On endings, middles and beginnings
June, my birthday month, marks the end of the school year, the middle of the year and the start of summer. So naturally, I am in my feelings.
I was 26 years old when, for the first time in my adult life, the fall-to-summer calendar of the American school year didn’t mark the passage of time.
After I finished college, my first job was on the very campus where I’d been a student: a two-year stint as a young professional during which I tried my hand at full-time adulting, still very much feeling and looking like the co-ed I’d recently been. That was followed by two years of graduate school. Then a summer internship, then a full-time job I began in September and then when June came around again . . . nothing.

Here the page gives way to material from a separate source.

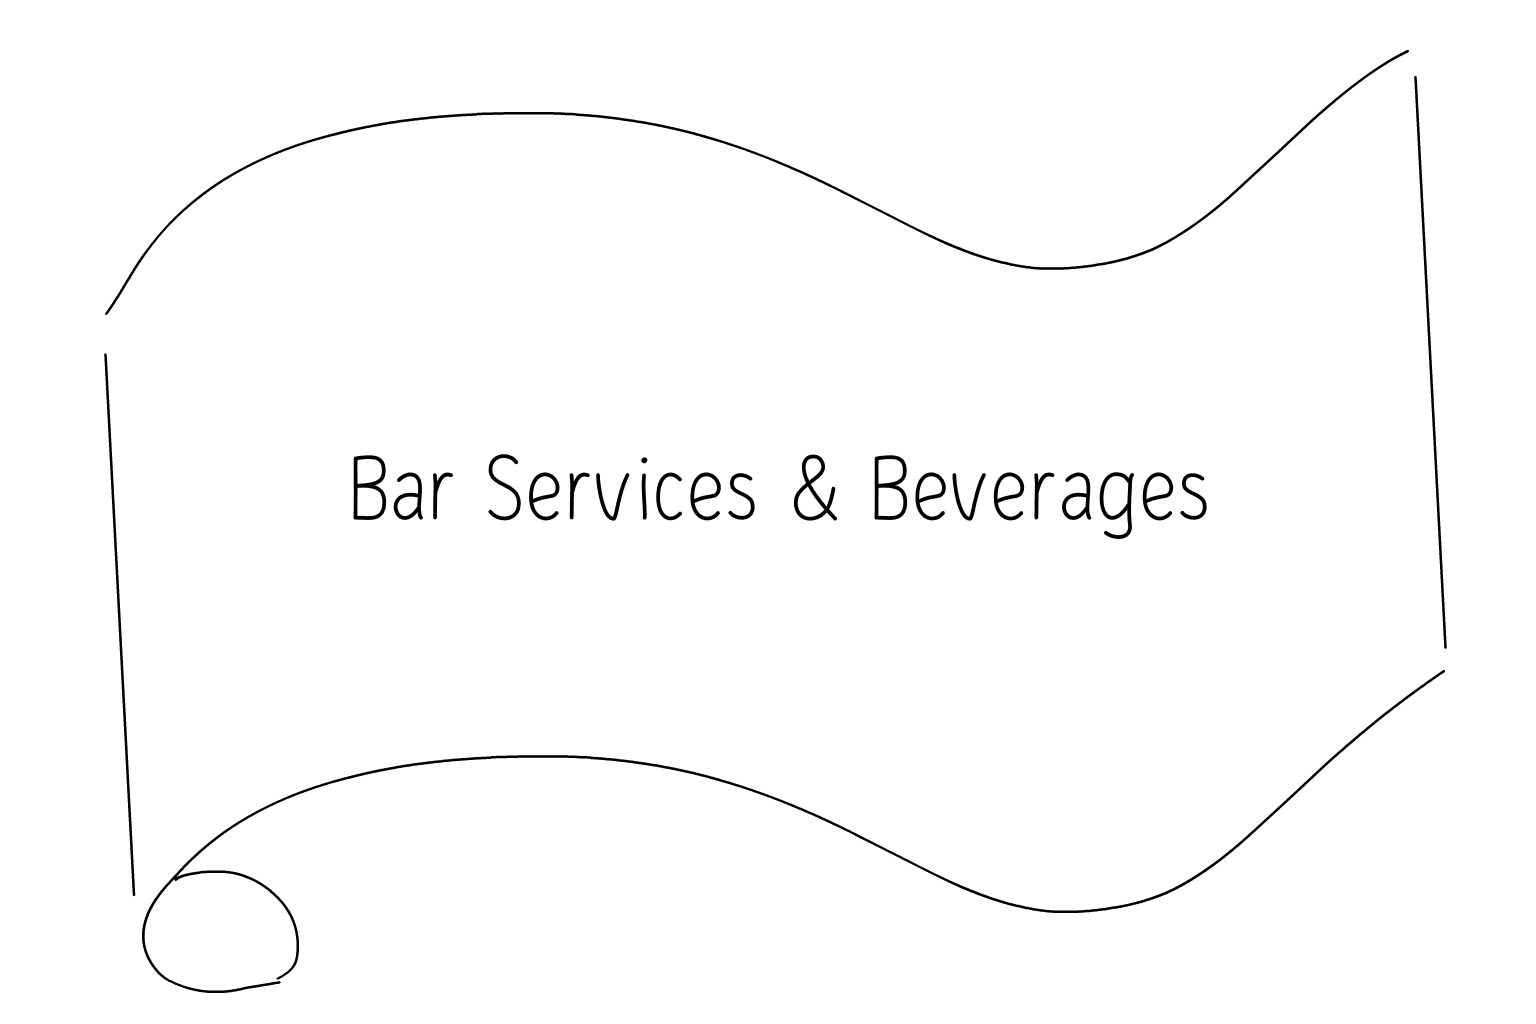 Ilustración de servicios de bar y bebidas para bodas

Well, not nothing. More like nothing to look forward to, nothing like the peaks and valleys of longing that only come when the bright promise of summer break looms on the horizon. Yes, New Year’s Eve can be fun, but by January 2, you’re back to the grind, and if you’re of a certain age, you know you’re in for just another year of adult life. There is a kind of magic at the end of the school year to which little compares once you are out of that loop. The magic of anticipating unscheduled time, of suddenly being a grade older, of knowing the annoyances of the past year will be left behind, and of knowing academic or professional growth lies ahead. It is the magic of transition.
Something ends, something begins, circumstances are different all of a sudden, and then in a couple of months they will be different again. And there you are in the middle of it all, in the middle of your life. You are a work-in-progress, and progress is the operative word. A word that can be easily taken for granted.
One of the disadvantages of having thrived as a student is that as a professional, I had to learn the hard way the only real lesson there is to learn in the work place: your effort no longer dictates your advancement. Any number of factors can determine whether you get the job or promotion you want and only some of them have to do with you. Worse, the ones that do aren’t any more sensible for being about you. The point is that the assumption that your trajectory will remain upward is no sure thing.
And when I say “you” here, what I mean is me. Because mine certainly didn’t. The longer I have gone without career growth, in fact, the more my career feels like it is calcifying into a dead-end job. Having changed careers, adjusting professional expectations is something I have already done once. I’ve probably done it multiple times, actually, in small ways that I didn’t even notice myself because what’s there to notice? There are no grades or annual transitions, just one big blob of time encompassing tiny, imperceptible evolutions that can only be seen when you look back and wonder, how did I get from there to here?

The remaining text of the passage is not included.